The Aish Rabbi: The Messiah must be descended on his father's side from King David (see Genesis 49:10 and Isaiah 11:1). According to the Christian claim that Jesus was the product of a virgin birth, he had no father -- and thus could not have possibly fulfilled the messianic requirement of being descended on his father's side from King David!

B. Douglass: The reader will note that while Scripture does in fact testify that the Messiah will be descended from King David, it never stipulates that it must be through his father’s side. Furthermore, St. Joseph was the legal father of Christ, and legal fatherhood confers the right of inheritance just as well as biological fatherhood.

The Aish Rabbi: The Messiah will lead the Jewish people to full Torah observance. The Torah states that all mitzvot remain binding forever, and anyone coming to change the Torah is immediately identified as a false prophet. (Deut. 13:1-4)

Throughout the New Testament, Jesus contradicts the Torah and states that its commandments are no longer applicable. (see John 1:45 and 9:16, Acts 3:22 and 7:37)

B. Douglass: Deuteronomy 13:1-4 says that any prophet who leads Israel after false gods is immediately identified as a false prophet. That is the primary thrust of this passage. The statement in v. 4 that “you shall keep His commandments” is teaching that a Jew may not forsake the Law of the Lord for another religion and a different god. It is not dealing with the question of whether God could ever revoke or change the Law. The Rabbi will need a more explicit Scripture if He wants to argue that “all mitzvot [commandments] remain binding forever.” He will also have to explain Exodus 40, which records commandments regarding tabernacle worship that were intended as provisional, i.e. binding for a specific period of time, in this case prior to the erection of the temple.

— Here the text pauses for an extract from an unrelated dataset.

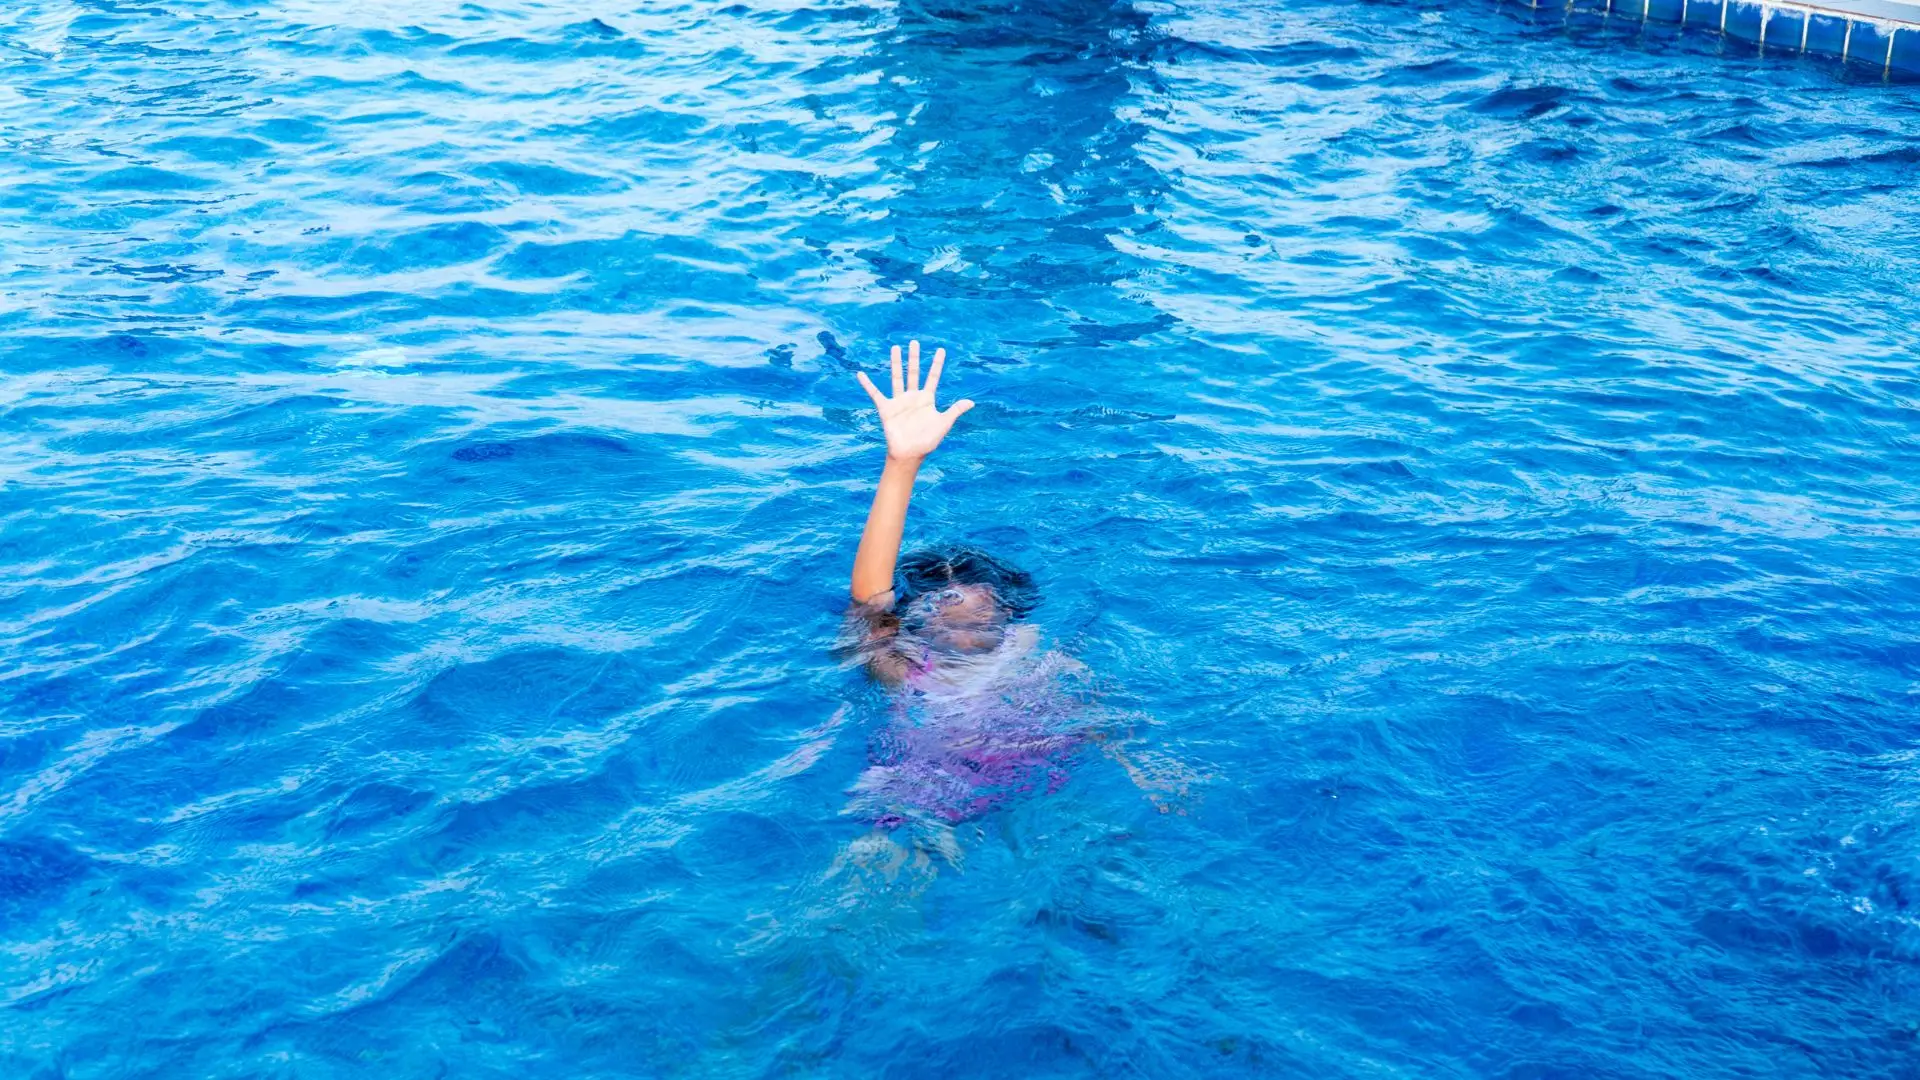 Afogamentos de crianças em piscinas: associações querem tornar obrigatório sistemas de proteção

In reality, a great deal of the commandments of the Torah were intended only for a specific period of time, to serve as a pedagogue to lead us to Christ (Galatians 3:24). Indeed, the Jewish Bible records God’s expressed intention of establishing a less legalistic covenant, unlike the previous, in which men will obey Him from the heart: “‘Behold, days are coming,’ declares the LORD, ‘when I will make a new covenant with the house of Israel and with the house of Judah, not like the covenant which I made with their fathers in the day I took them by the hand to bring them out of the land of Egypt, My covenant which they broke, although I was a husband to them,’ declares the LORD. ‘But this is the covenant which I will make with the house of Israel after those days,’ declares the LORD, ‘I will put My law within them and on their heart I will write it; and I will be their God, and they shall be My people’” (Jeremiah 31:31-33). Even more damning for the rabbi’s position is Isaiah 66:21, in which God declares that in the New Covenant he will take priests and Levites from among Italian and Greek Gentile converts. Obviously, this requires the abrogation of the Old Covenant laws which restrict the priesthood to the house of Aaron, and the office of Levite to, well, the Levites.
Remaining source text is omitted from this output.